Stuff for July
There is something about a woman named Joan that I just don't trust. I don't know why, historically Joans have been perfectly respectable ladies, Joan of Arc, Joan Collins, Joan Rivers. But the name is just so wrong. Maybe it is the parents of a woman named Joan that I shouldn't trust.
I just spent $165 on a bathing suit. And for those of you paying attention, even though I seem like an extravagant money spender, I am actually a cheapskate when it comes to such things. I'm more quantity than quality. I mean, I wouldn't mind spending $165 if I got like 5 bathing suits. But I'm headed to the beach, and I felt it necessary.
Gigi is 19 and from what I can tell from the dozens of pictures that she sent me, hot. Now that I'm days away from carting her down to a beach full of horny perverts, I'm cussing my insistence on picking the hot 19 year old that likes dancing and boys and not the mousy 15 year old that likes ponies and flowers. I have suddenly entered fretting overprotective mother mode and she hasn't even gotten here yet. But I don't want a Natalie Holloway on my hands.
I ran into the drug store the other day and when I came out I caught Big Daddy scrolling through my cell phone. It was interesting trying to explain to him why I had so many text messages to a "Hot Lipz". But since honesty is the best policy, I simply explained to him that they were wrong numbers.
I'm interviewing a new girl today. Wish me luck.
I just spent $165 on a bathing suit. And for those of you paying attention, even though I seem like an extravagant money spender, I am actually a cheapskate when it comes to such things. I'm more quantity than quality. I mean, I wouldn't mind spending $165 if I got like 5 bathing suits. But I'm headed to the beach, and I felt it necessary.
Gigi is 19 and from what I can tell from the dozens of pictures that she sent me, hot. Now that I'm days away from carting her down to a beach full of horny perverts, I'm cussing my insistence on picking the hot 19 year old that likes dancing and boys and not the mousy 15 year old that likes ponies and flowers. I have suddenly entered fretting overprotective mother mode and she hasn't even gotten here yet. But I don't want a Natalie Holloway on my hands.
I ran into the drug store the other day and when I came out I caught Big Daddy scrolling through my cell phone. It was interesting trying to explain to him why I had so many text messages to a "Hot Lipz". But since honesty is the best policy, I simply explained to him that they were wrong numbers.
I'm interviewing a new girl today. Wish me luck.
4 Comments:
Interesting comment from anon #1. What does it mean?
An admittedly cursory search on the name "Joan" reveals it to derive from the Hebrew "God's gracious gift."
Weirdly, "Matthew" means "Gift of God" in Hebrew, too. At least that's what a quick internet search reveals. My last name is a variation of the Greek name "Theodore," which also means, "Gift of God."
GOD's sure giving a lot of gifts these days, isn't he?
I recall sending you a few text messages, but you tend not to reply. Just sayin'...
I know exactly what you mean about getting the right bathing suit.

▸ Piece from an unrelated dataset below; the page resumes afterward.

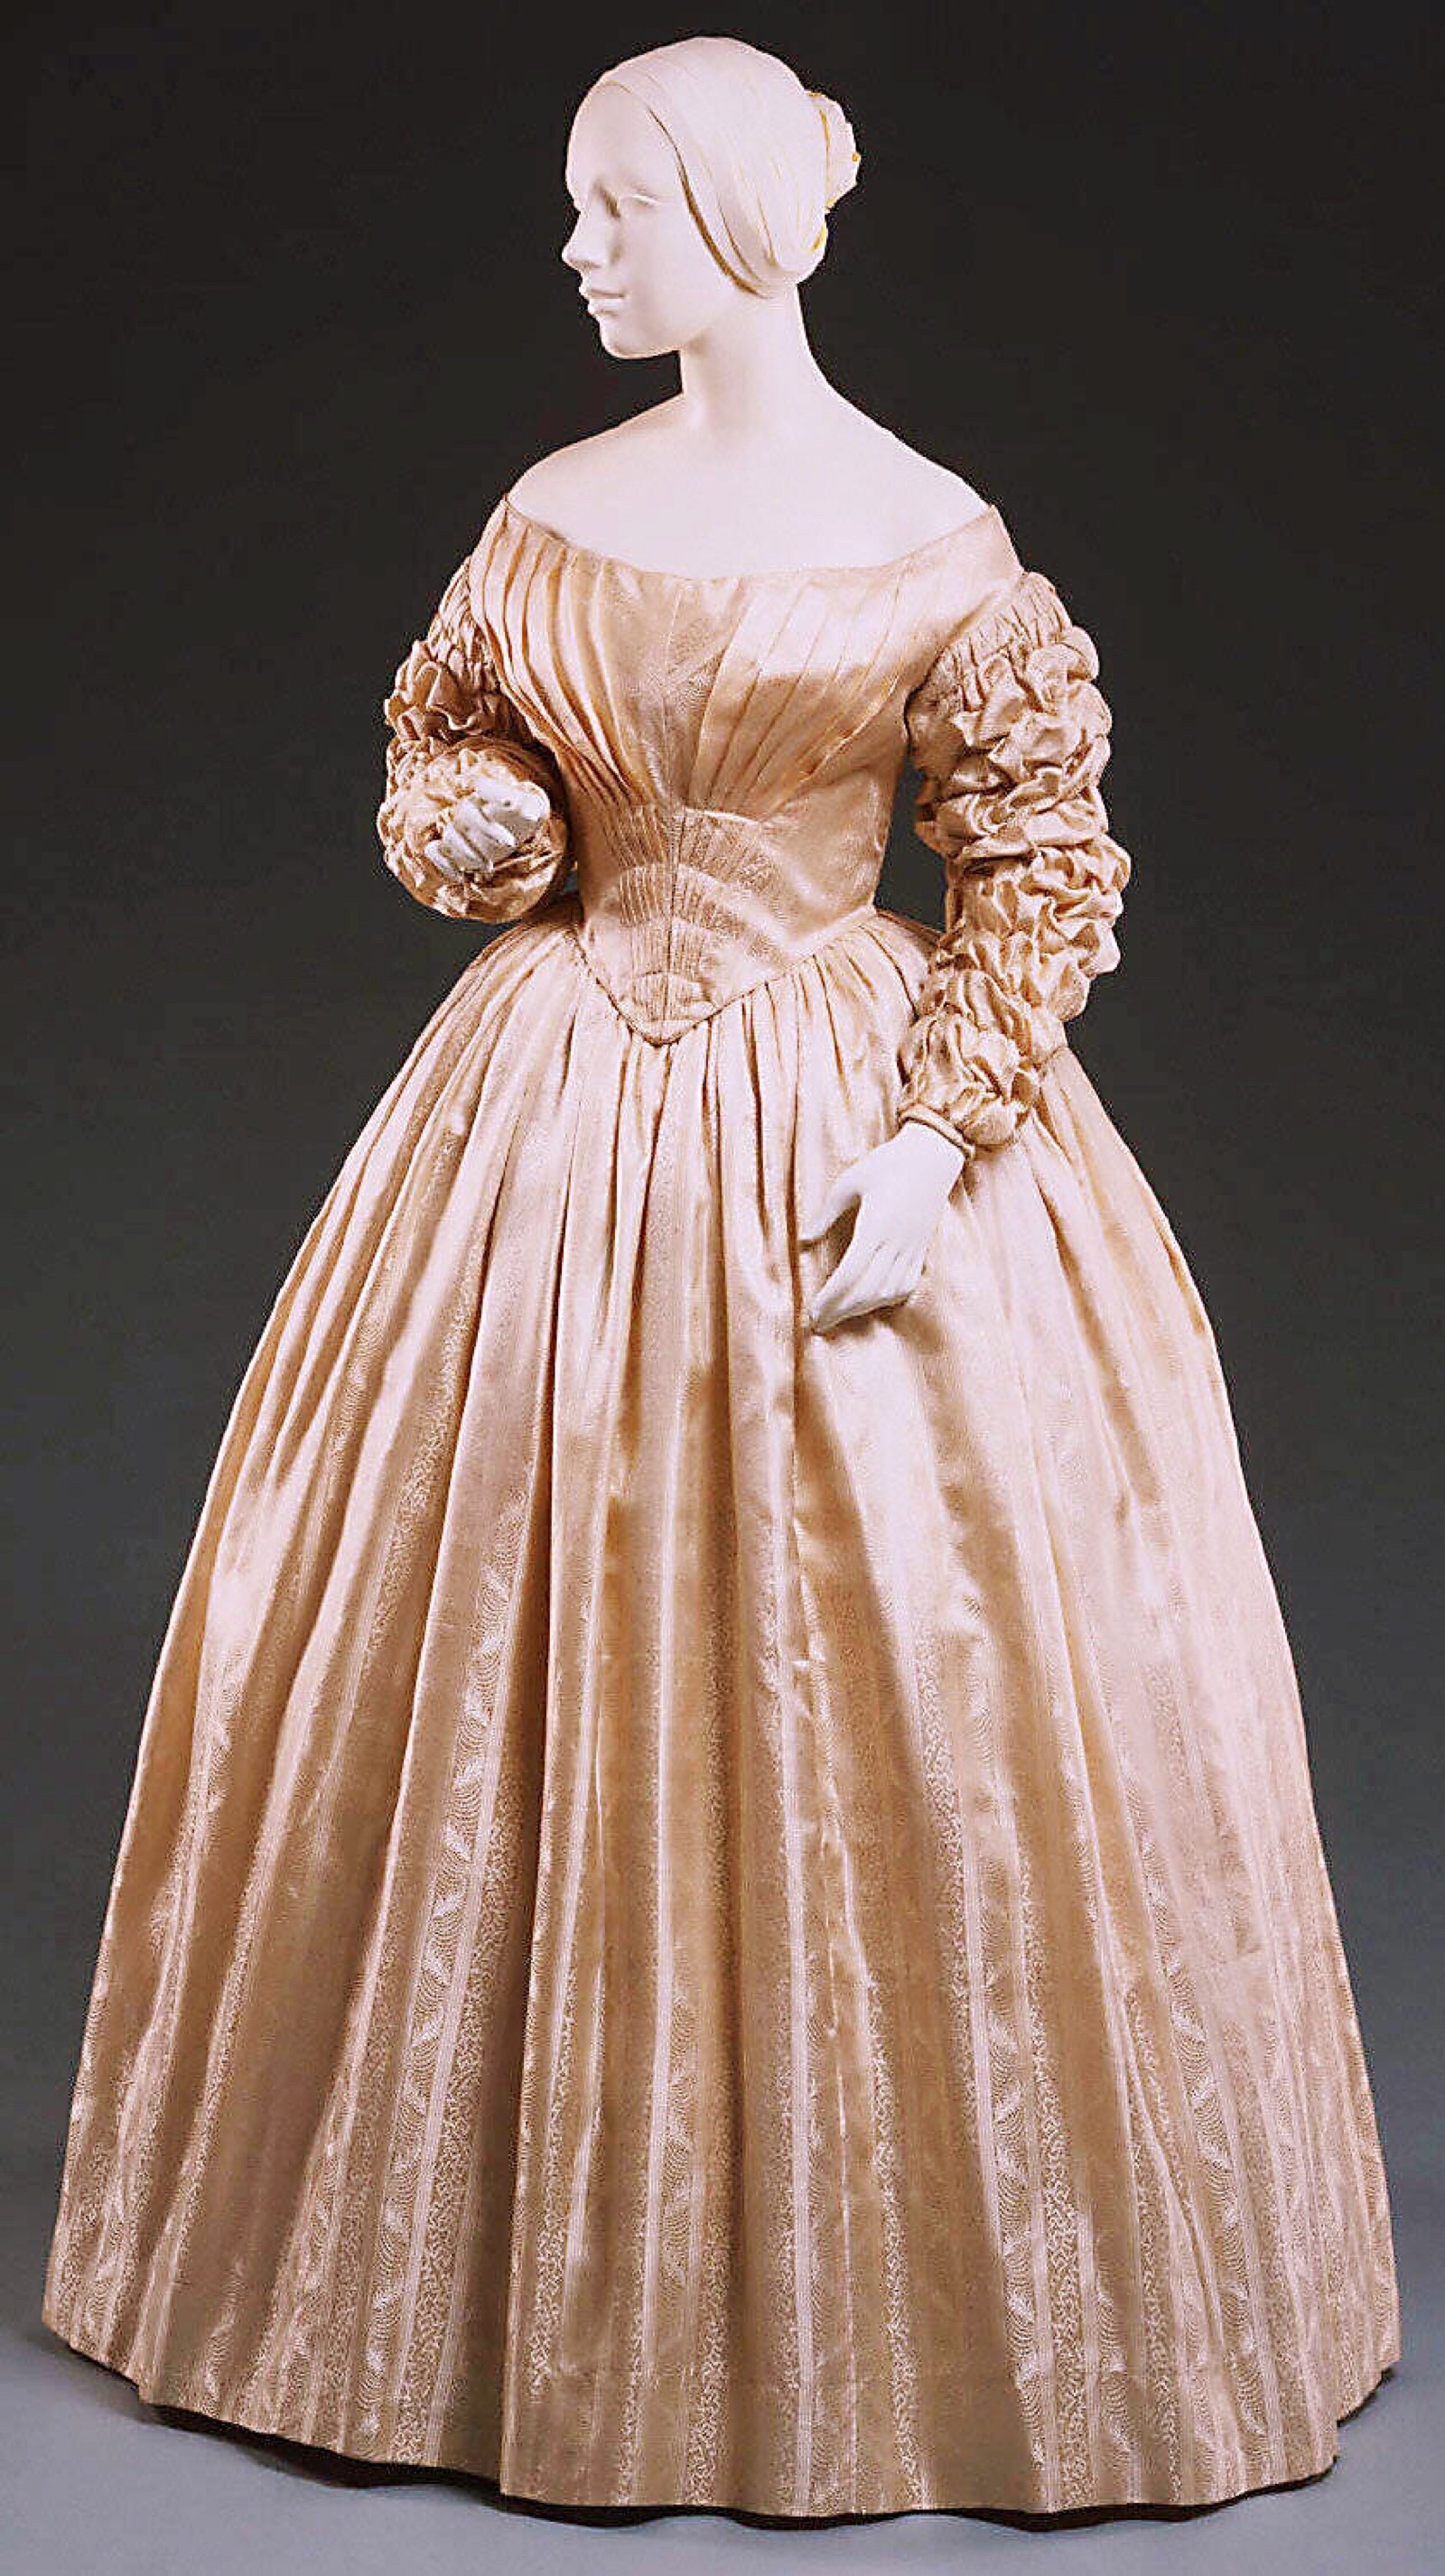 维多利亚时代前半的古董衣服,均是比较简洁质朴的

I'm a "quantity over quality" type too but a bathing screams all the wrong places if it doesn't fit right. So, don't feel bad about spending that much, I would've done the same for sure.
Oi, achei teu blog pelo google tá bem interessante gostei desse post. Quando der dá uma passada pelo meu blog, é sobre camisetas personalizadas, mostra passo a passo como criar uma camiseta personalizada bem maneira. Se você quiser linkar meu blog no seu eu ficaria agradecido, até mais e sucesso. (If you speak English can see the version in English of the Camiseta Personalizada. If he will be possible add my blog in your blogroll I thankful, bye friend).
So....no Gigi?
I was looking forward to those stories.